Subject: Re: kern/3460: block io unit for sd should be sector size
To: None <cgd@cs.cmu.edu>
From: Koji Imada - je4wob/2 <koji@math.human.nagoya-u.ac.jp>
List: netbsd-bugs
Date: 04/10/1997 06:19:03
>>>>> "Chris" == Chris G Demetriou <cgd@cs.cmu.edu> writes:

 Chris> OK, I wasn't clear on what changes, exactly, had to be made in each
 Chris> case.

I will add diffs for each case at last of this mail. Check it if you want.

Diff for "first method" doesn't include msdosfs
modification. kern/2896 should be applied too.

Anyway, i noticed new problems.

One  about disklabel which sector size != physical sector size.

How can we get disklabel? if you dd'ed diskimage including disklabel
from 1k/sector disk to 512/sector disk, you can't read disklabel.

The readdisklabel in sys/arch/i386/i386/disksubr.c read LABELSECTOR
sector in condition 'disklabel sector size == physical sector
size'. But there isn't. So copied disklabel from 1k/sector disk can't
be read. To read this, supplemental information will be necessary or
we should try to read from multiples of physical sector size.

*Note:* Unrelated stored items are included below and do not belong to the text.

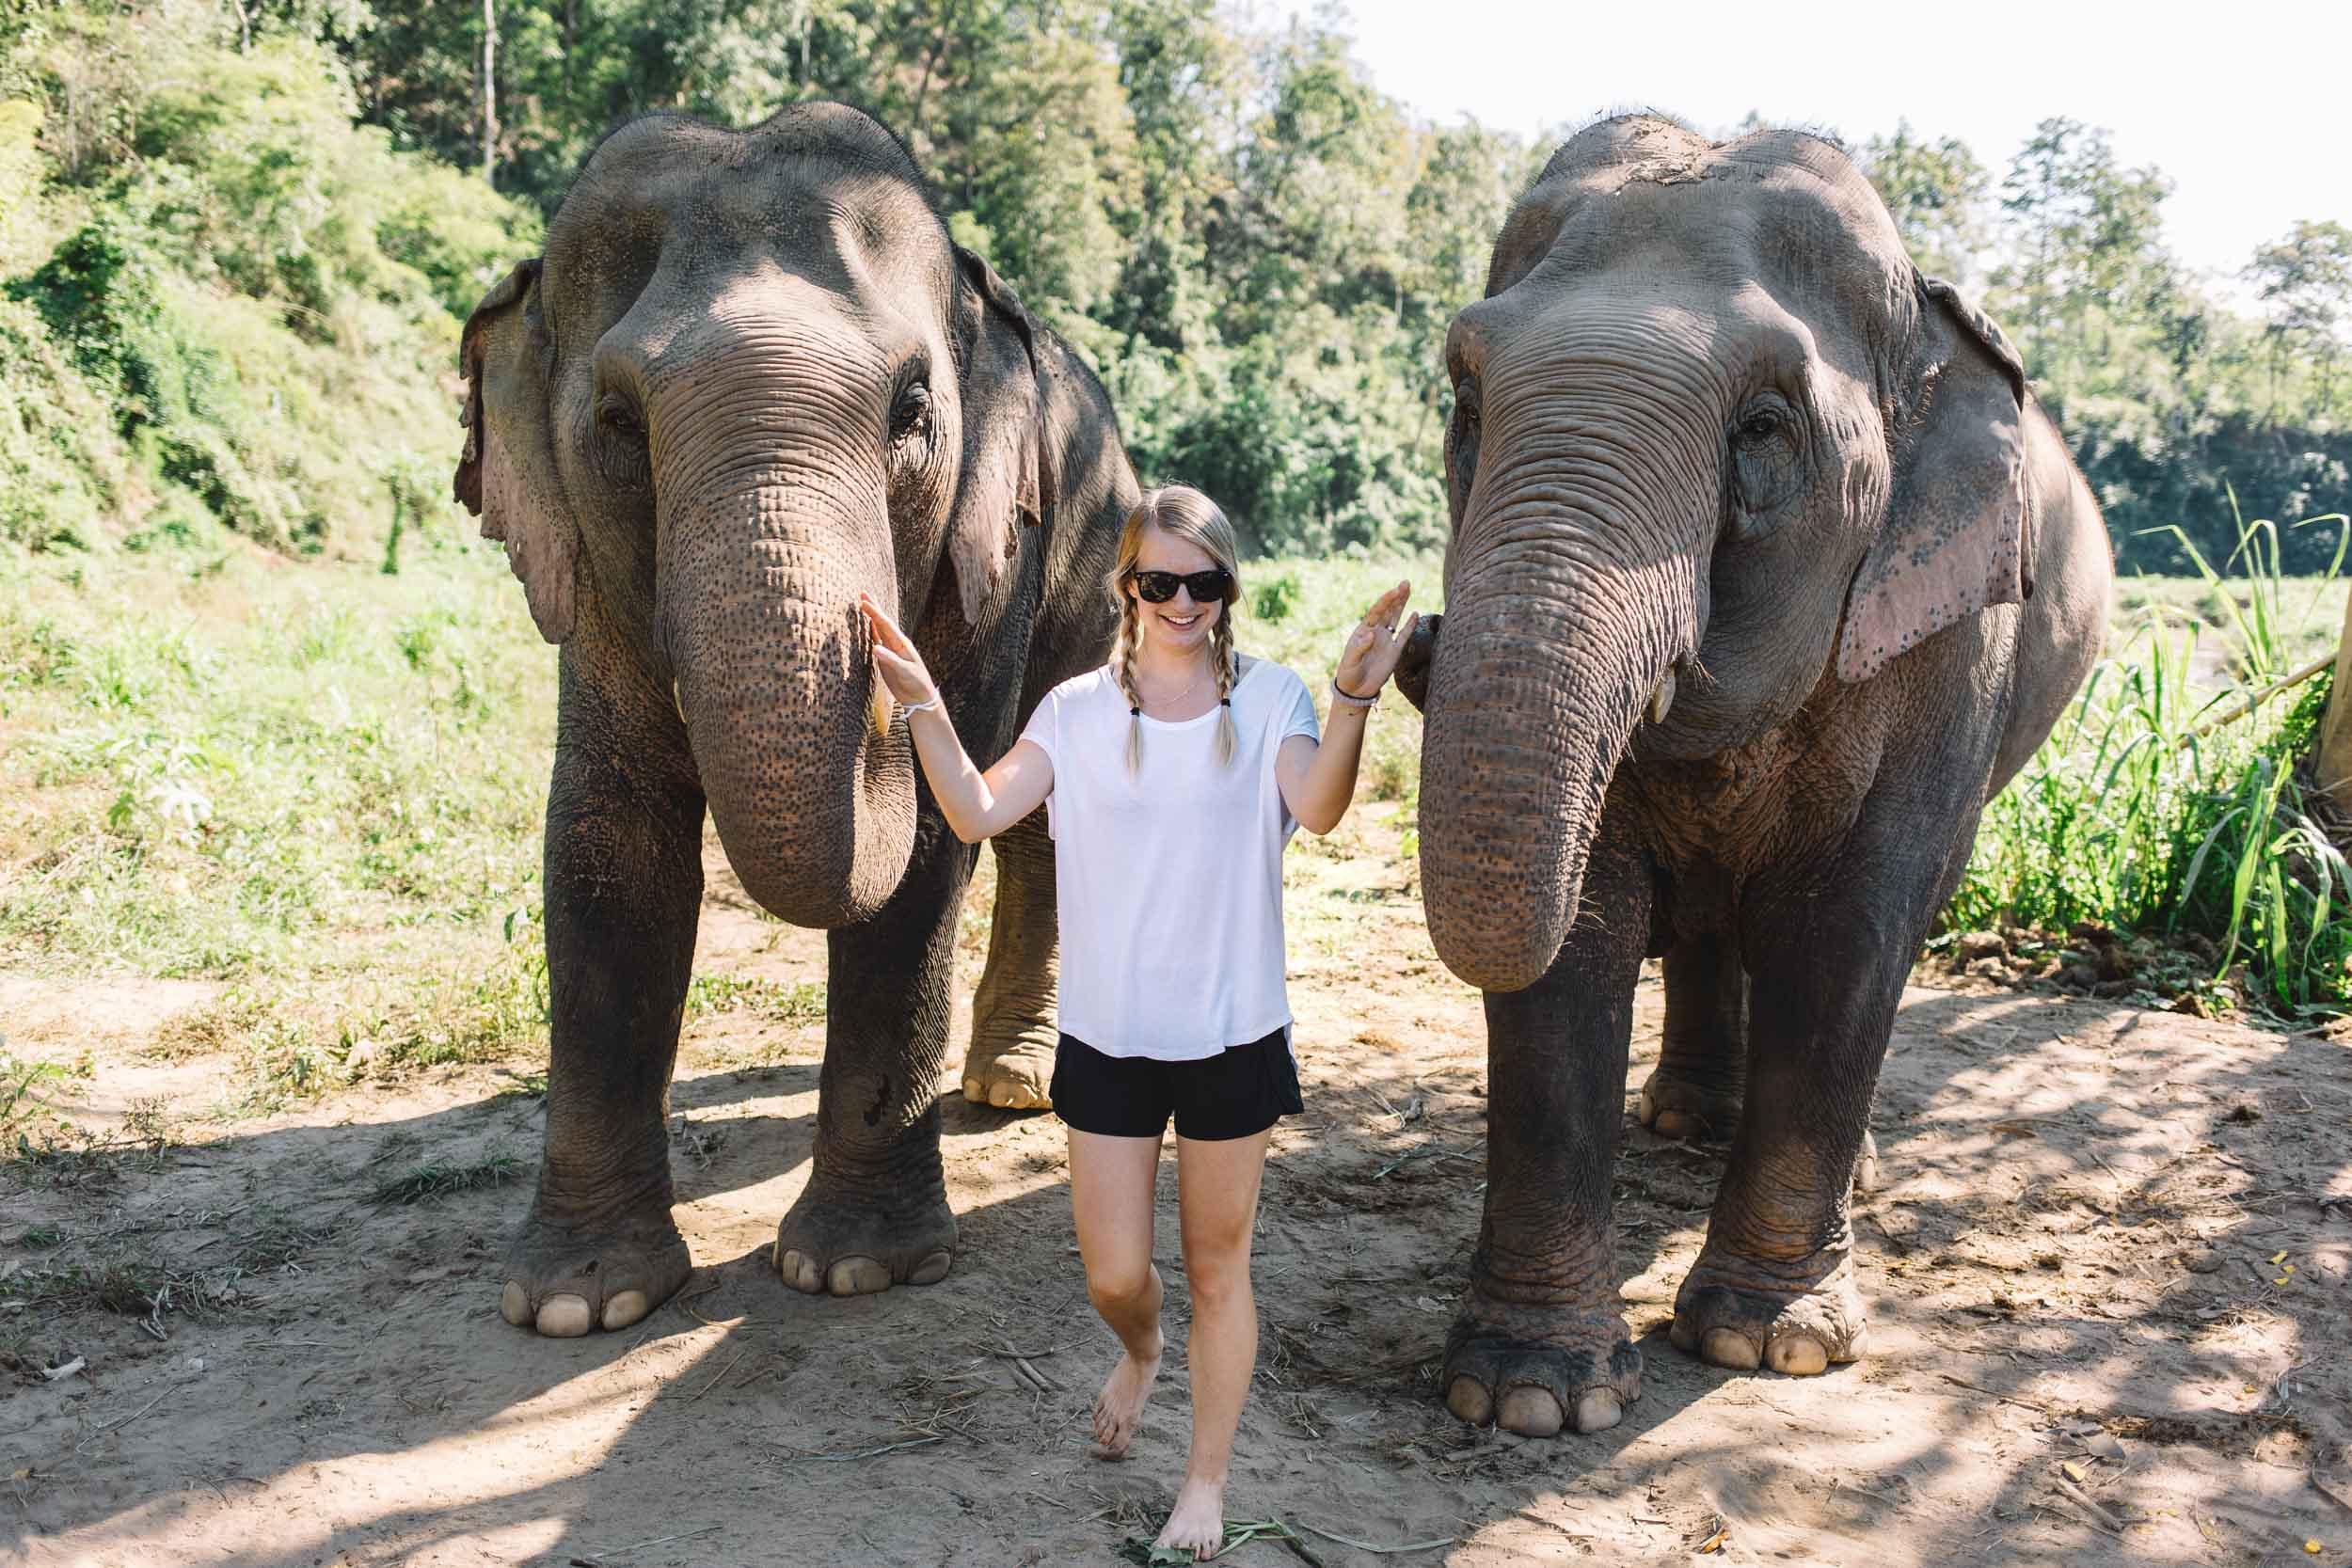 thailand_budget_travel_046.jpg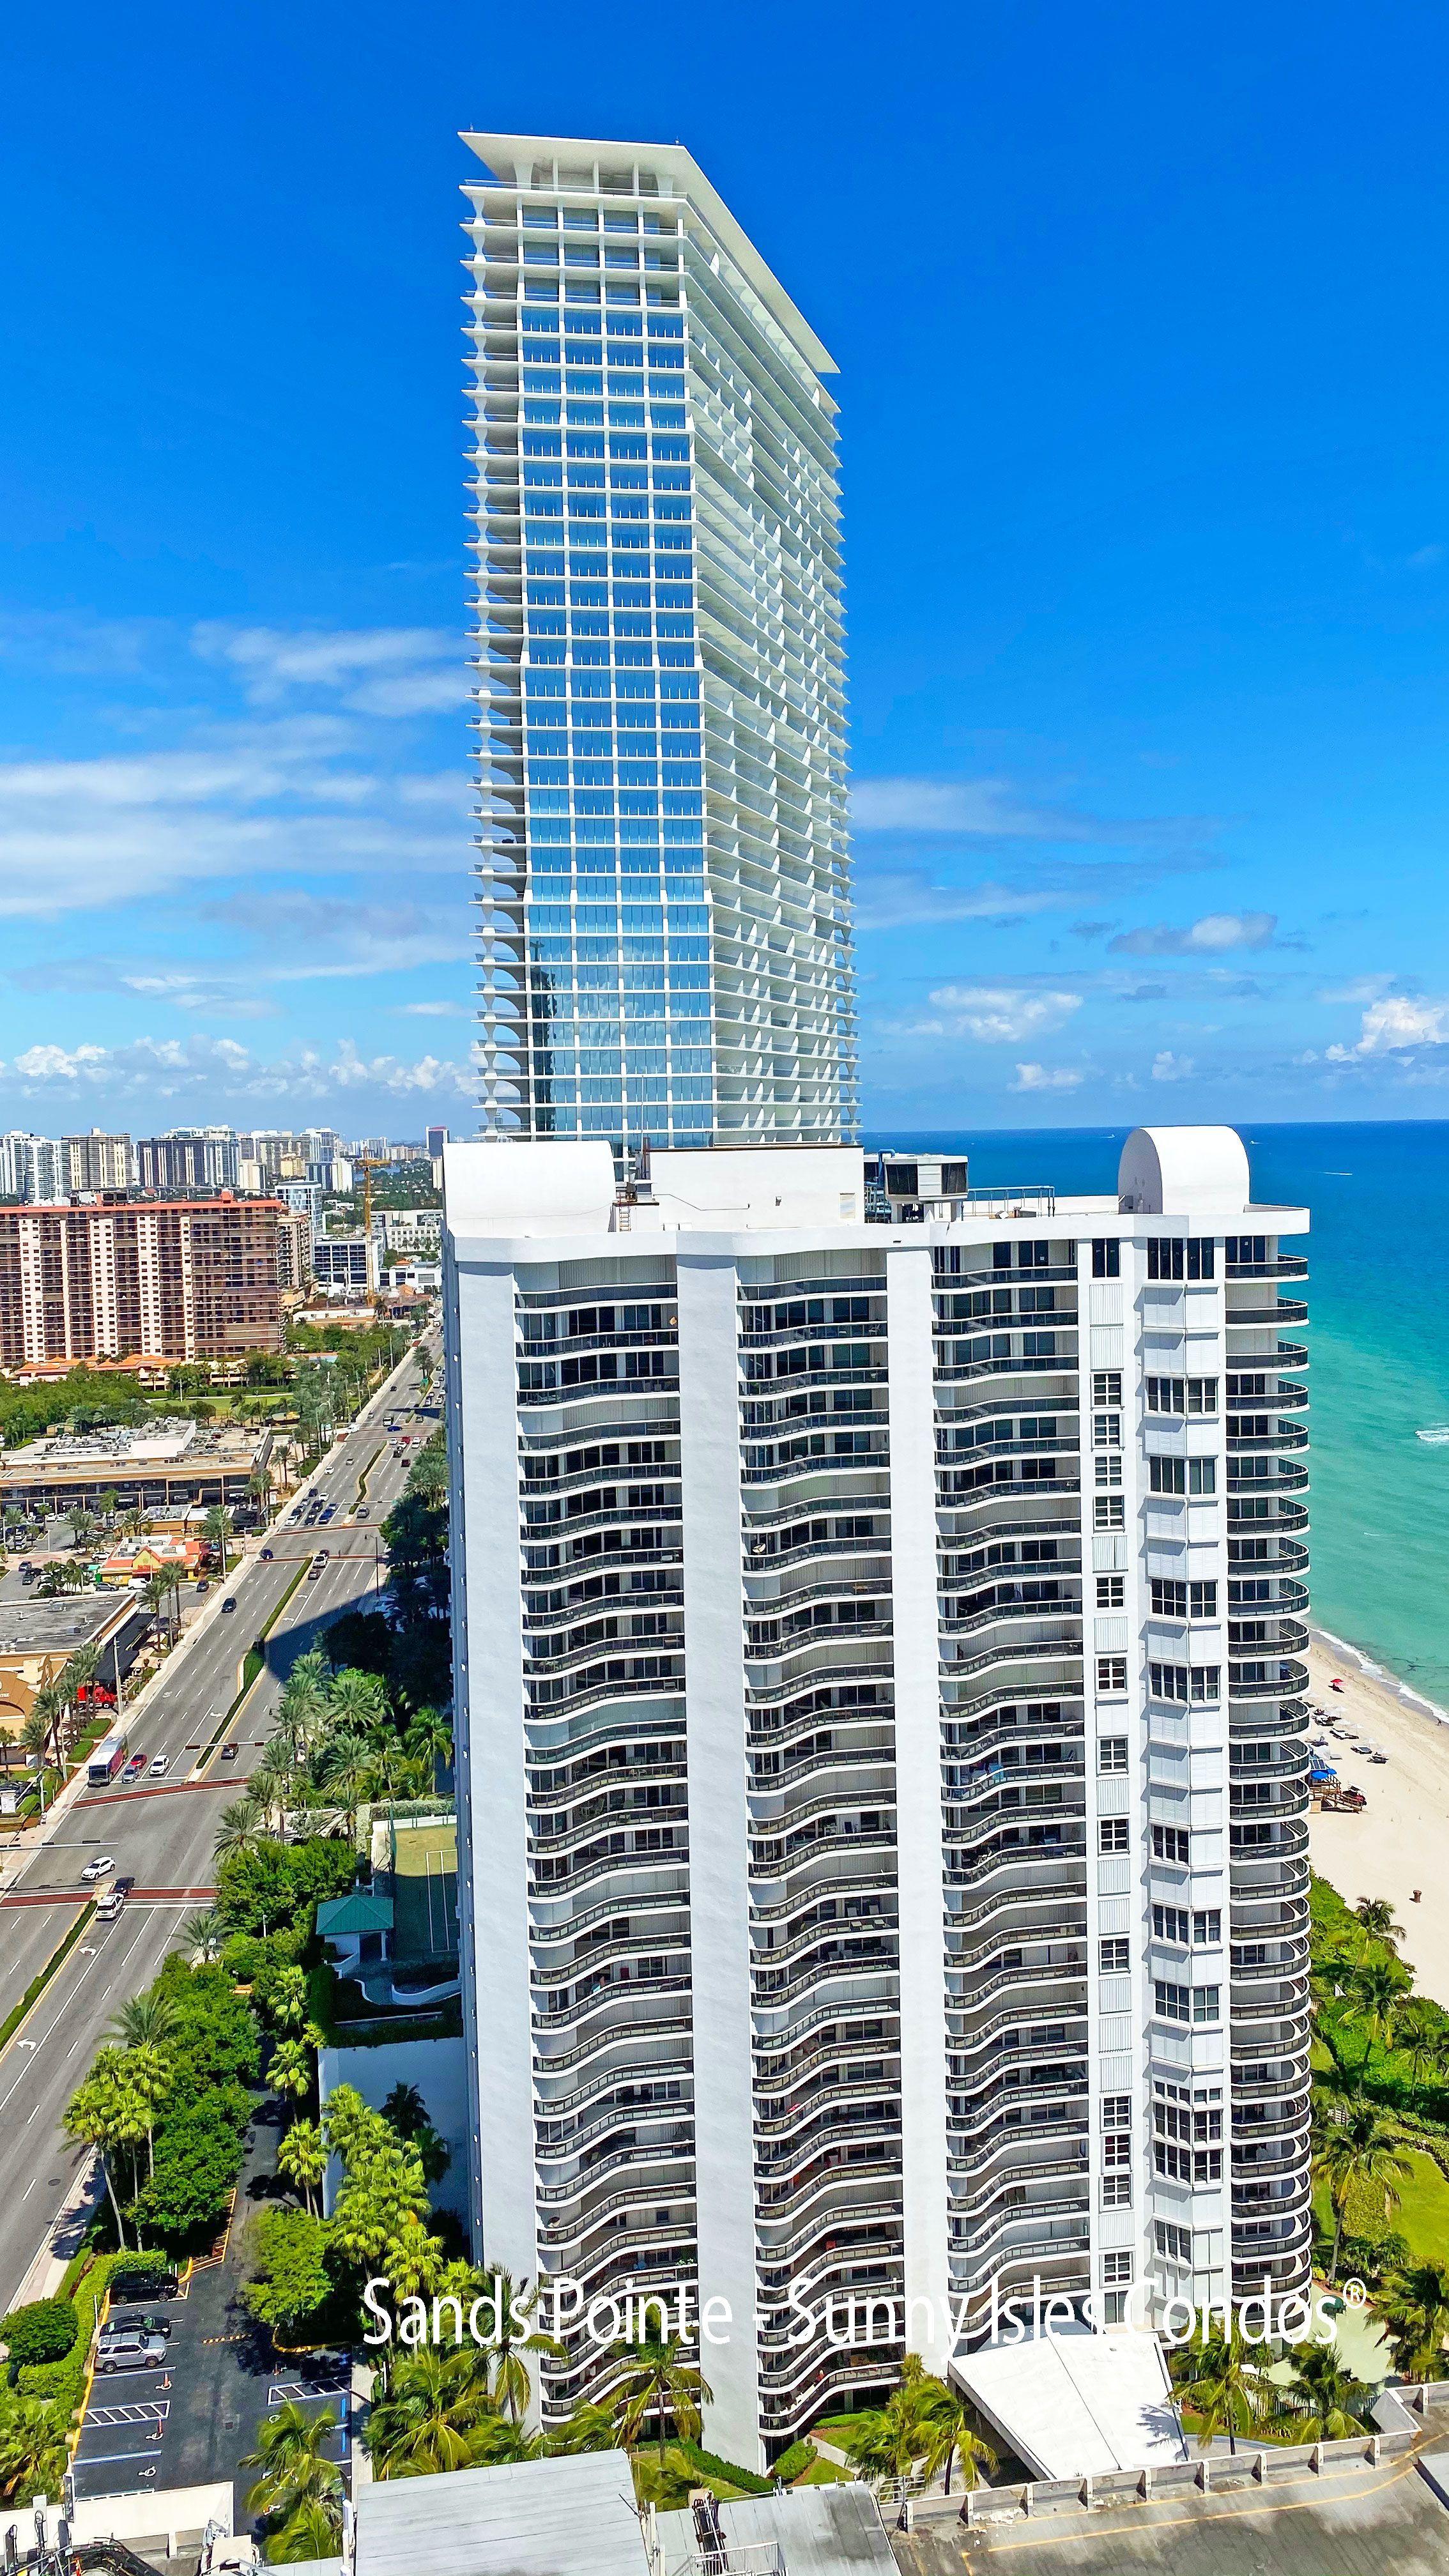 Sands Pointe Oceanfront Condos For Sale Sunny Isles Beach Miami Beach Buildings Sunny Isles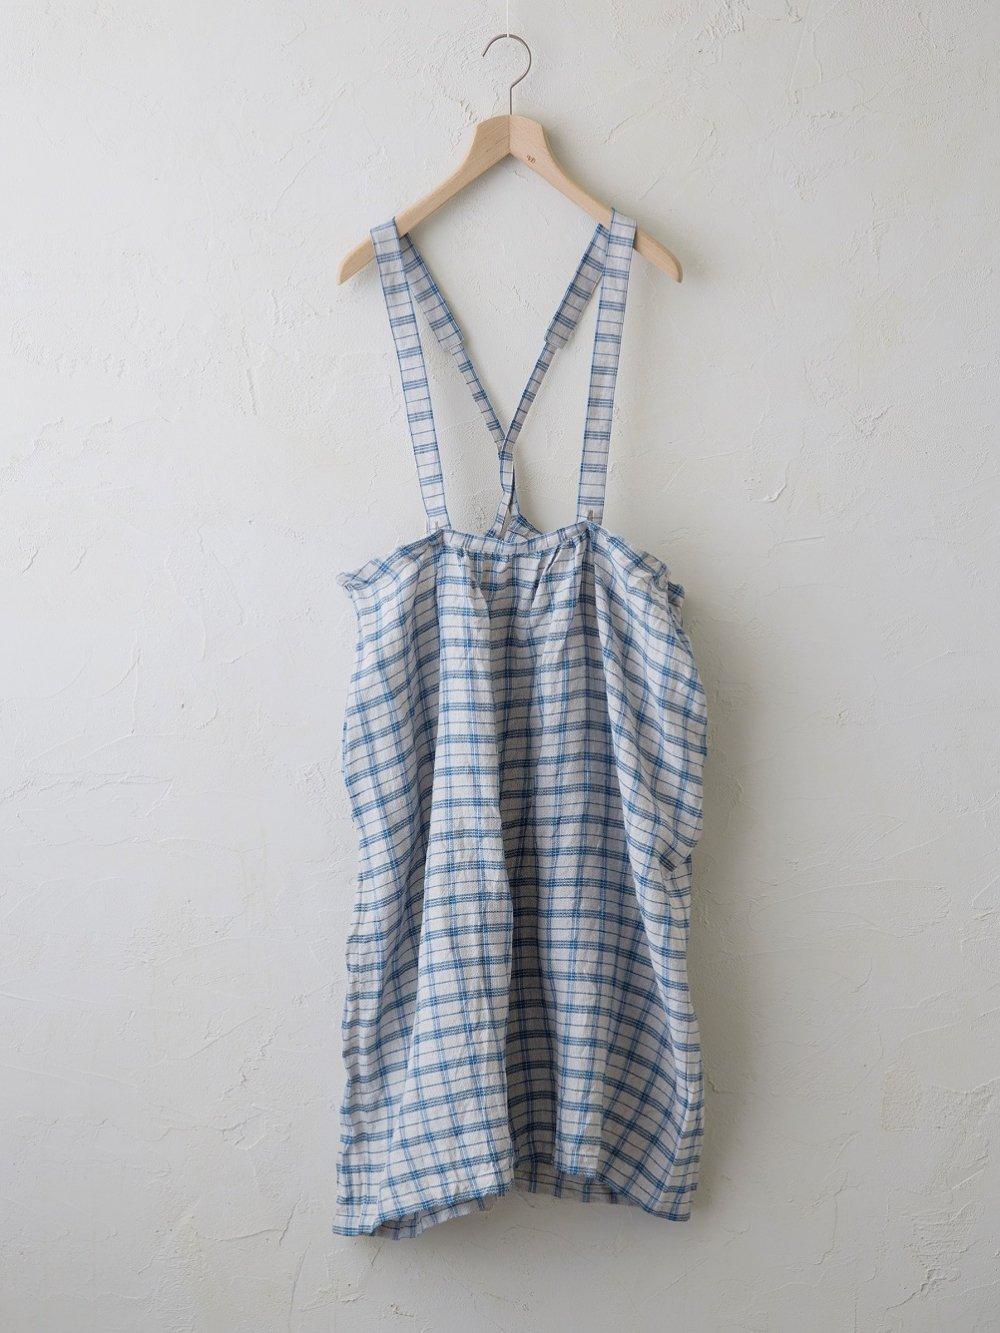 Vintage Check(ドビー+平織) ジャンパースカート

Another problem is about cd.c and cd9660 file system. In that,
disklabel sector size and physical io unit is inconsistent. So we
need to decide policy. My idea is:

	1. disklabel information is based on disklabel sector size
		unit. And disklabel sector size maybe integer multiple
		of physical sector size if position problem of
		disklabel is resolved.

	2. Block io unit for disk device should be standardized.
		(maybe DEV_BSIZE or disklabel sector size. It's policy 
		problem).

For 2, DEV_BSIZE corresponds to my "first method" and requires file
system modification. The disklabel sector size corresponds to my
"second method". This is simpler but limited(enough?).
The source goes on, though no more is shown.